[Start of section]
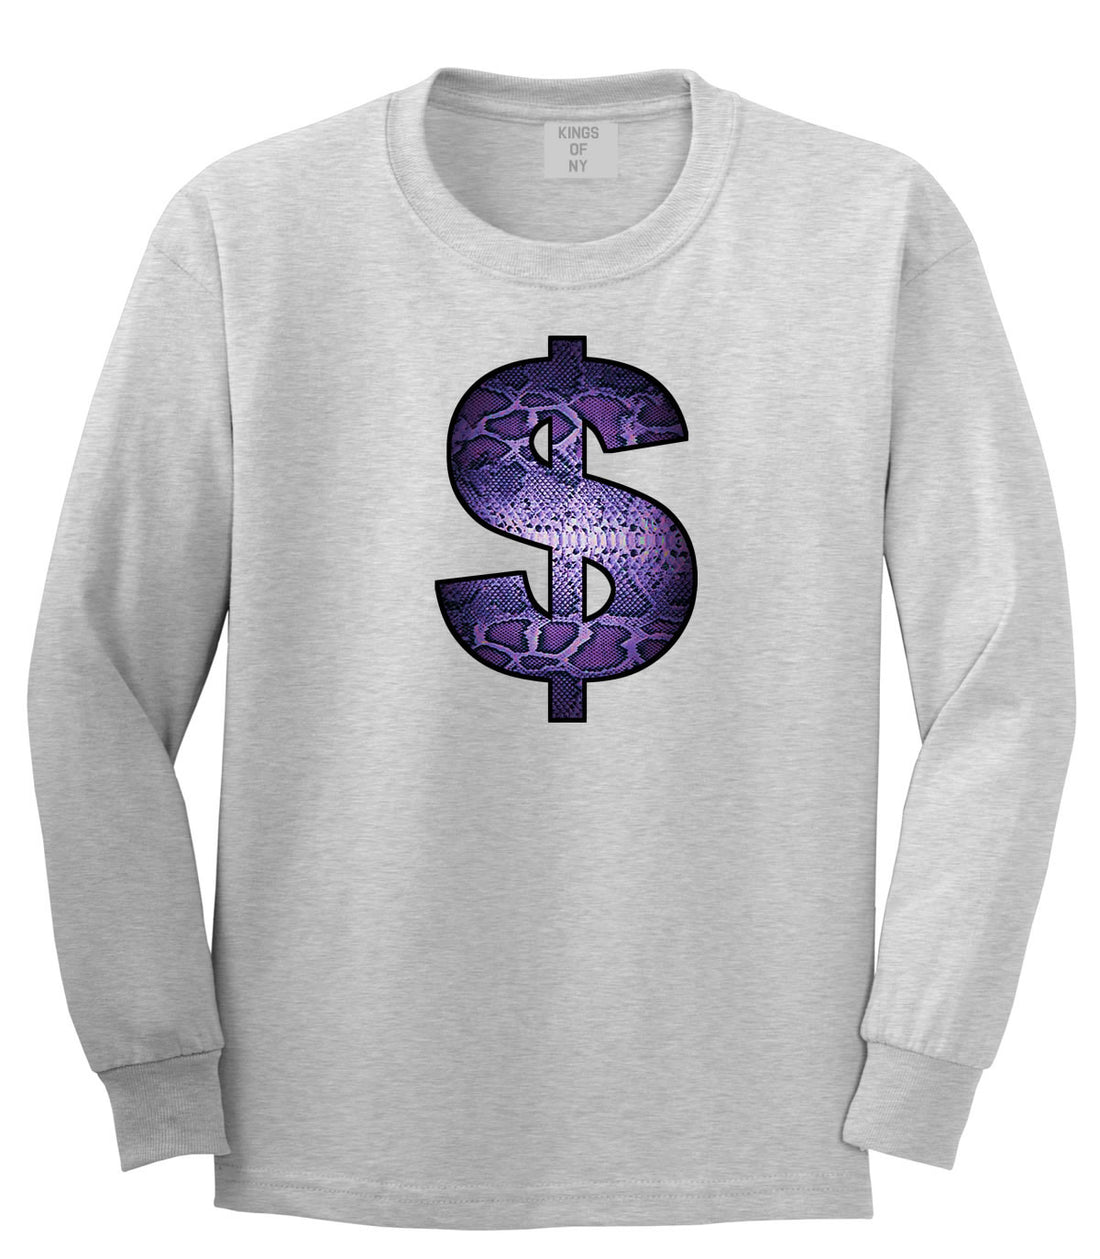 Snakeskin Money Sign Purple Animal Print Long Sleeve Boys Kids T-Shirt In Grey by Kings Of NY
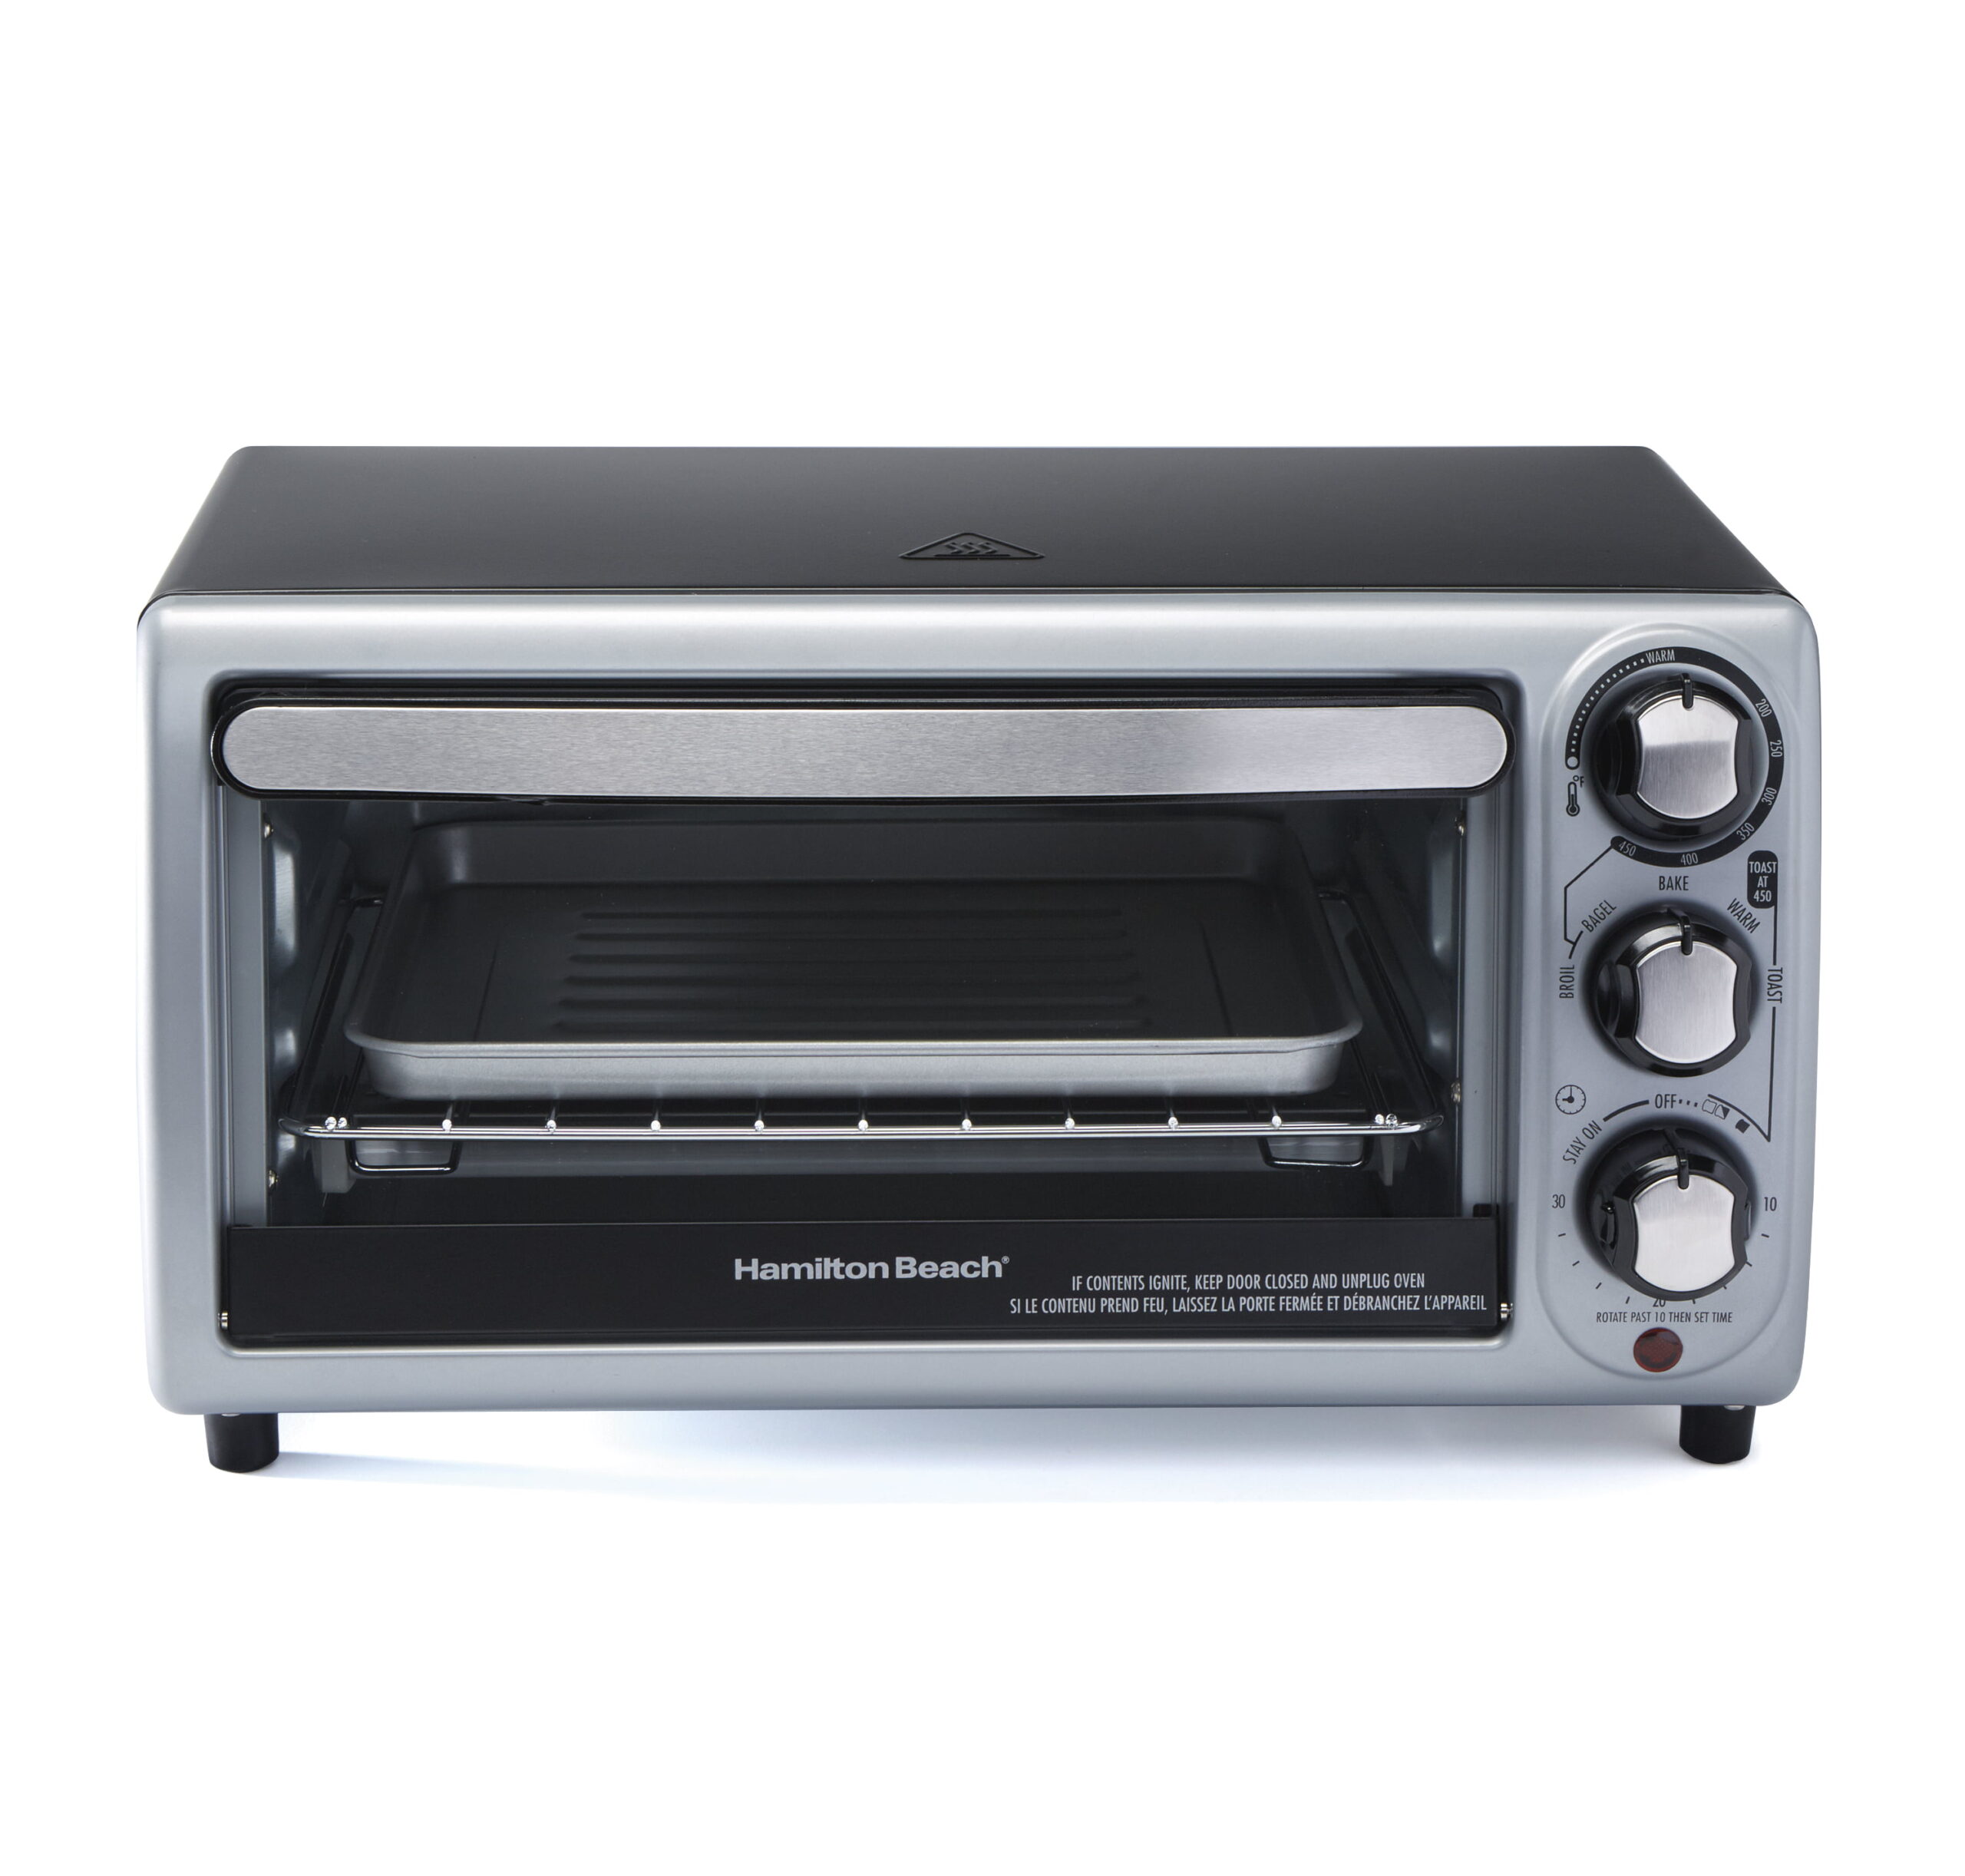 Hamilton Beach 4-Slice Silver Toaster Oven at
[End of section]
[Start of section]
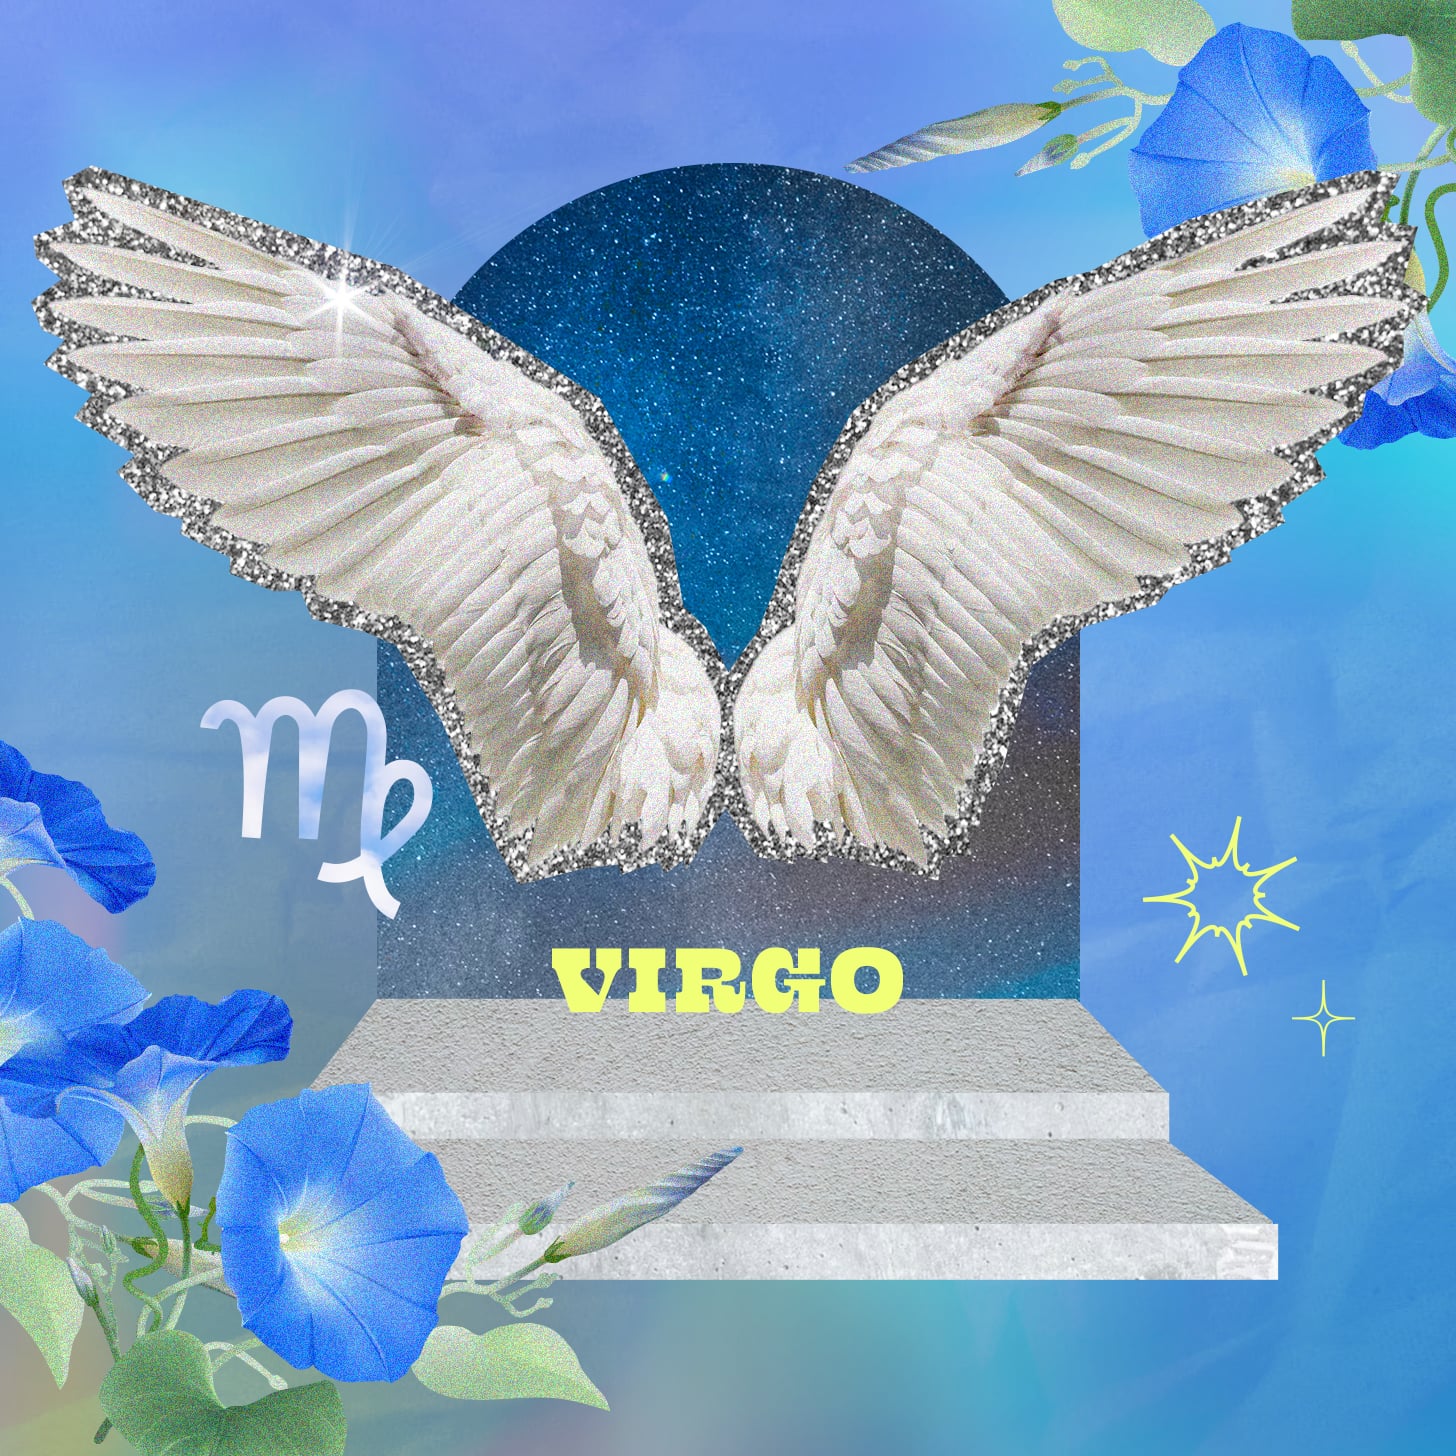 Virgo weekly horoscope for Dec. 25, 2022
[End of section]
[Start of section]
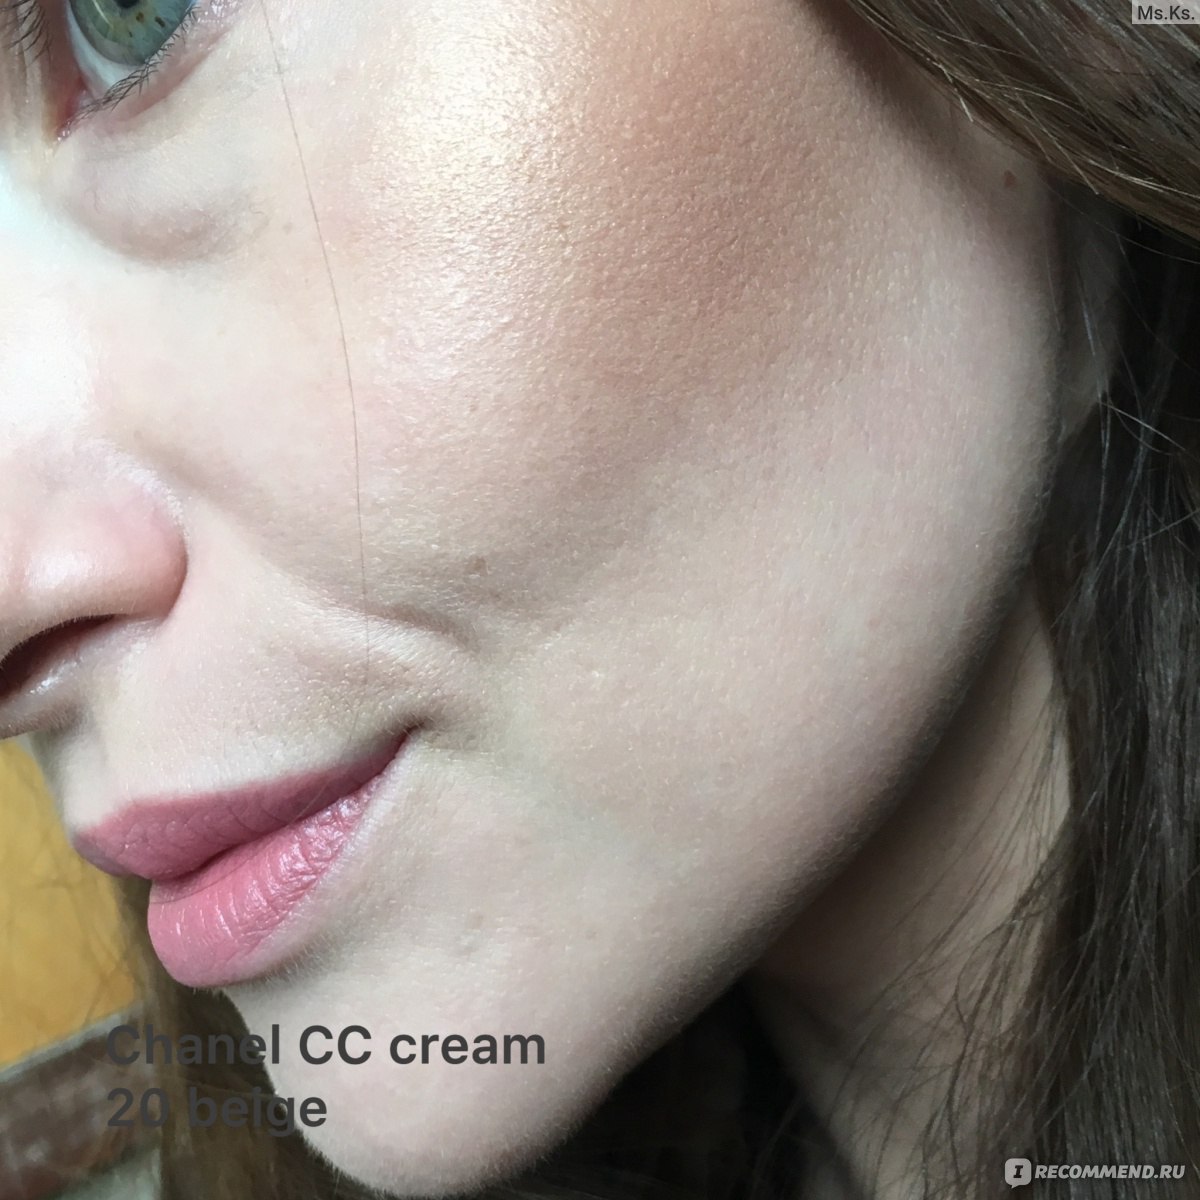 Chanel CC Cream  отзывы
[End of section]
== YOUR GOAL ==
Using the entries above, extract exactly the lines from the one that contains "Snakeskin Money Sign" through the one that contains "Hamilton Beach 4-Slice". Do not carry over any pictures.

== FINAL ANSWER ==
 Snakeskin Money Sign Purple Animal Print Long Sleeve Boys Kids T-Shirt In Grey by Kings Of NY
 Hamilton Beach 4-Slice Silver Toaster Oven at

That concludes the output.